AVAILABLE DATA ::
------
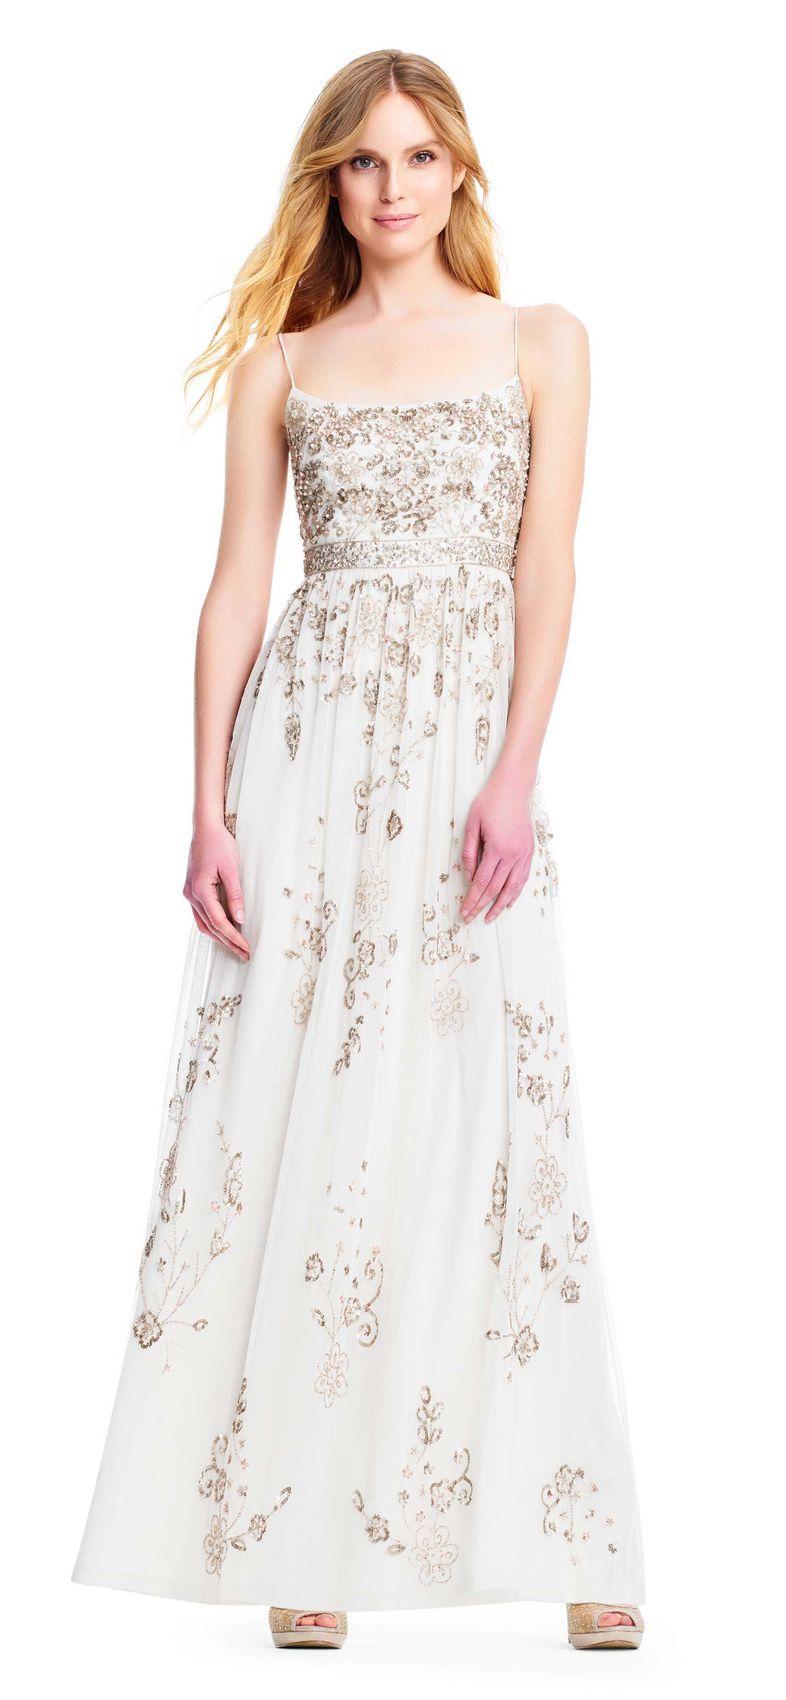 $500 wedding dress  Sequin Filigree Gown with Spaghetti Straps  Wedding dresses under
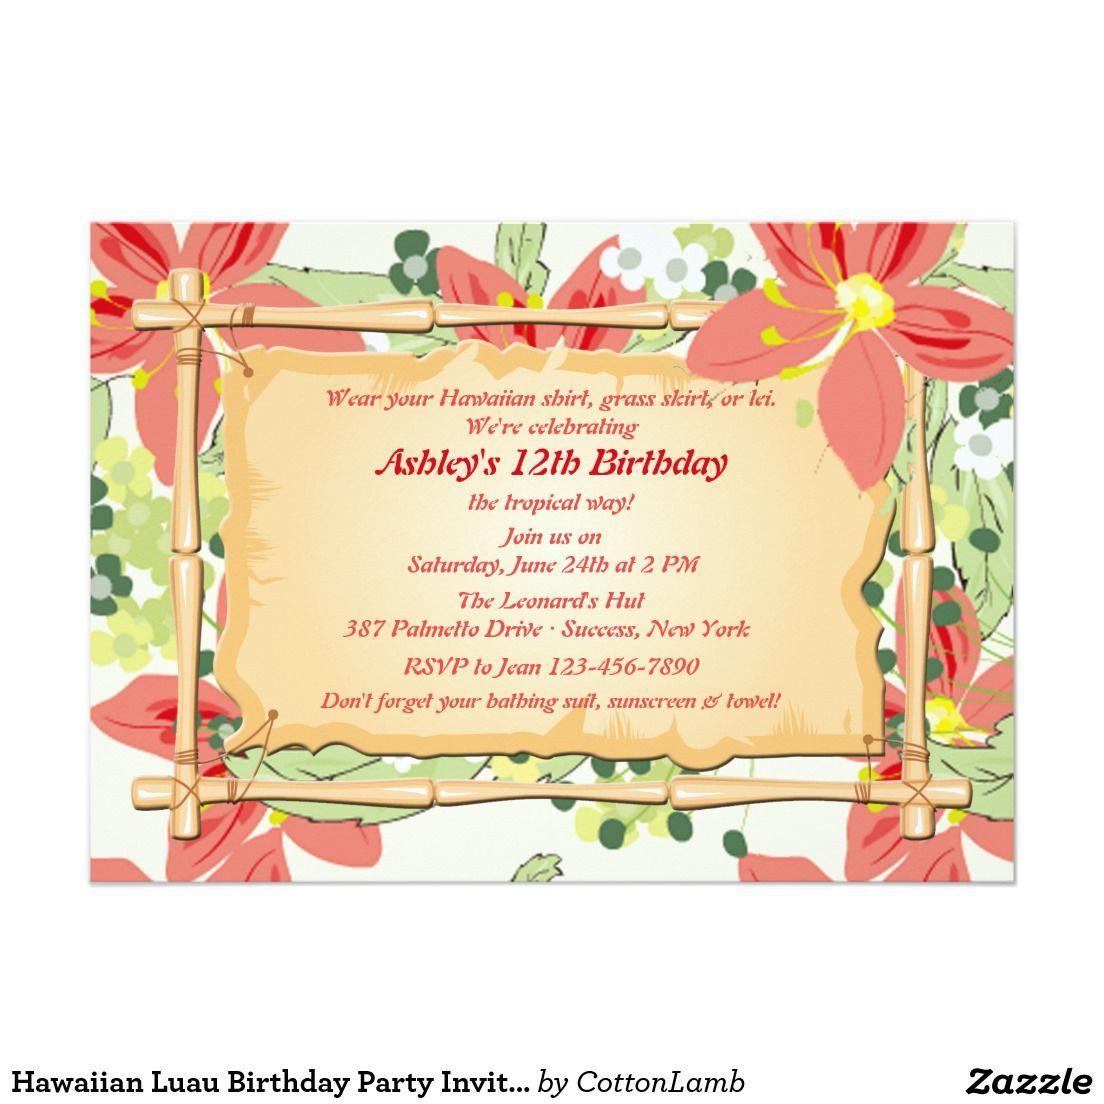 Luau Birthday Party Invitations
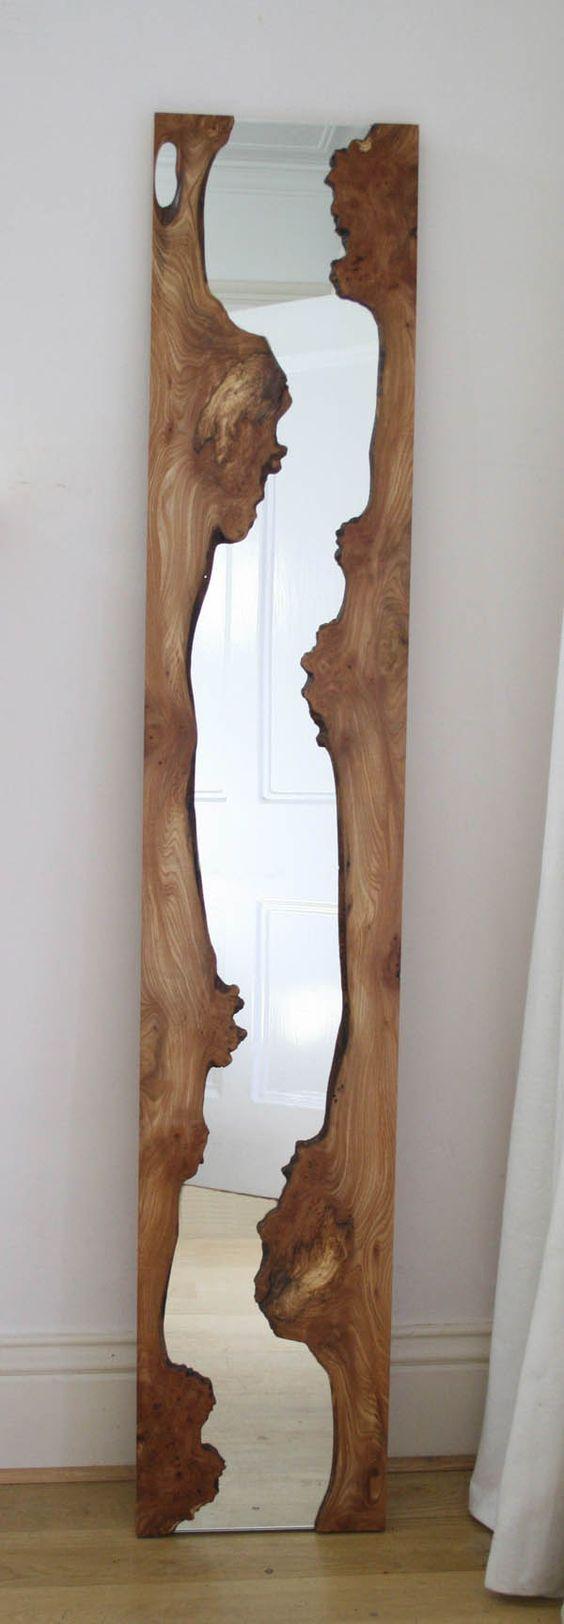 wood mirror.
------
Write out the listing above again, exactly, but with no pictures in the copy.

 $500 wedding dress  Sequin Filigree Gown with Spaghetti Straps  Wedding dresses under
 Luau Birthday Party Invitations
 wood mirror.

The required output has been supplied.